All aboard the roller coaster ride

The beanie-sporting monkey gazes at passersby with eyes hidden behind shades.

JRNY Club’s Bored Ape NFT is one of dozens of digital artworks featured here in the gallery.

There’s a striking image of a droopy-lidded man with a steak knife in his head from digital art collection DeGods; horned canines from the Doge Pound community; and works from Beeple, the digital artist who sold an NFT for $69 million in 2021.

Of course, the NFT market — and crypto in general — has been a volatile one.

For example, a Bored Ape NFT that pop star Justin Bieber bought for $1.3 million in January 2022 is currently worth around $60,000.

NFT trading volume fell 35 percent in the second quarter of this year, according to a report from the website Insidebitcoins.com.

Spark acknowledges the challenges of staying the course in an industry prone to wild swings in value.

“It’s difficult,” he says. “But you just have to have a goal in mind; you have to know why you’re in it.

“I’m always long term,” he continues. “I’m not in it to do a quick flip or anything. So, I just have a very long-term goal — I call it cost average.

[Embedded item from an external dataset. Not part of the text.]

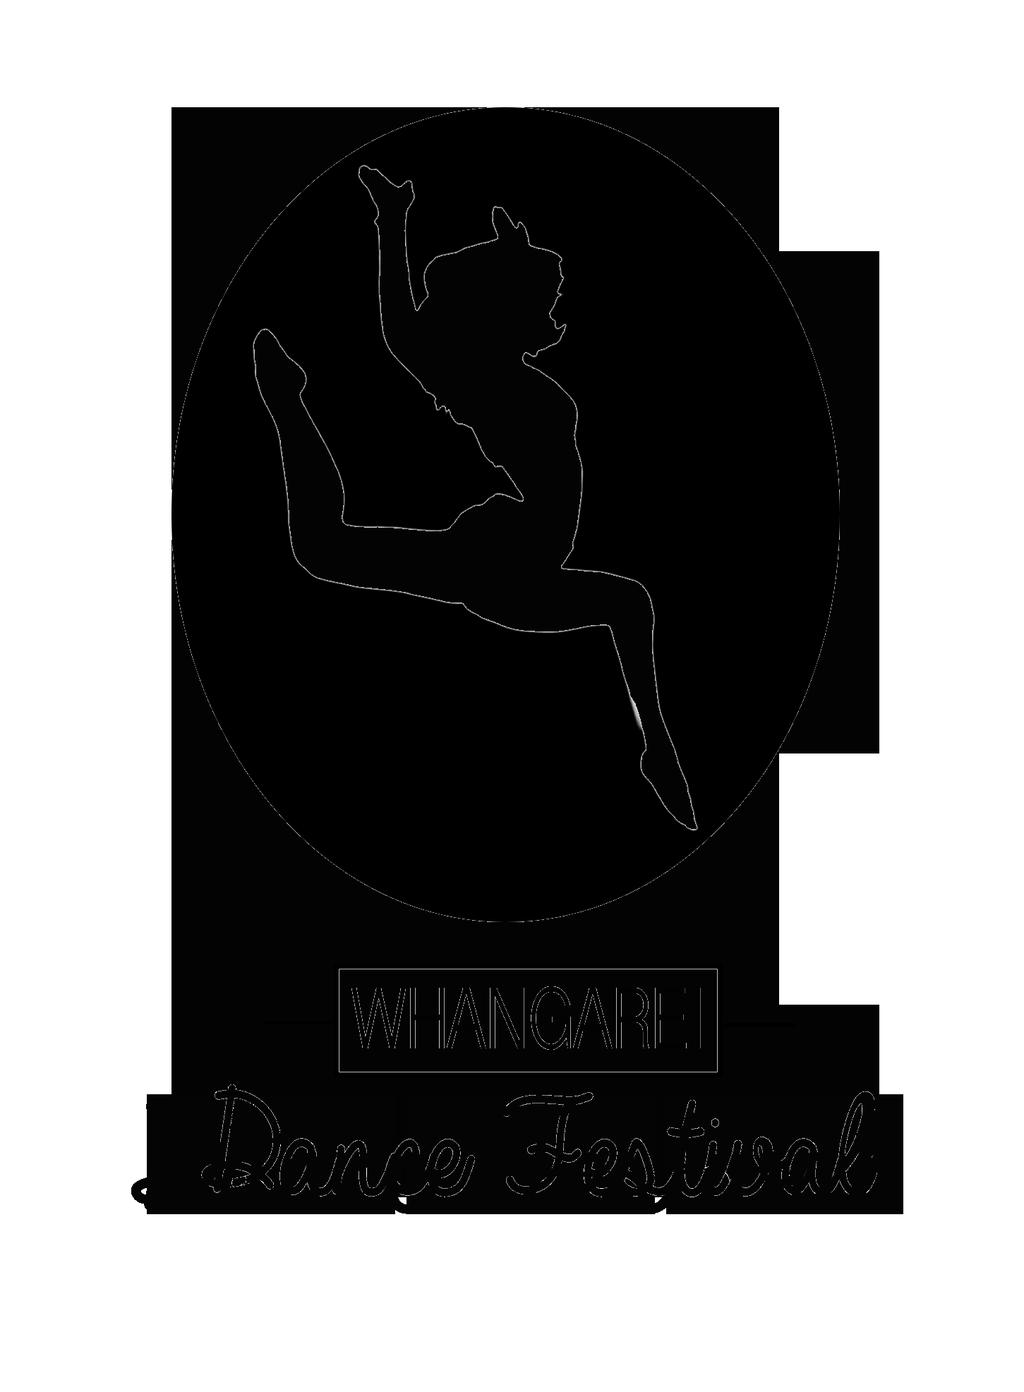 FRIDAY 3RD - SUNDAY 5TH AUGUST 2018 FORUM NORTH WHANGAREI Adjudicator: Alicia Chadwick-Cook AISTD, Dip Theatre Arts & Dip Teachers of Dance Alicia has been dancing since the age of three.

And that’s played out great for me.”

With JRNY Gallery, Spark says he’s not worried about the bottom line so much — “We’re not, like, looking to make money really from this,” he explains.

Instead, he intends for it to be a gateway into the wide-open world of digital art, a starting point for an industry just getting started.

“We’re just hoping to bring a lot of awareness to NFTs and digital art, crypto,” he notes. “We’re trying to get as many people as we can to learn about it, to get involved.”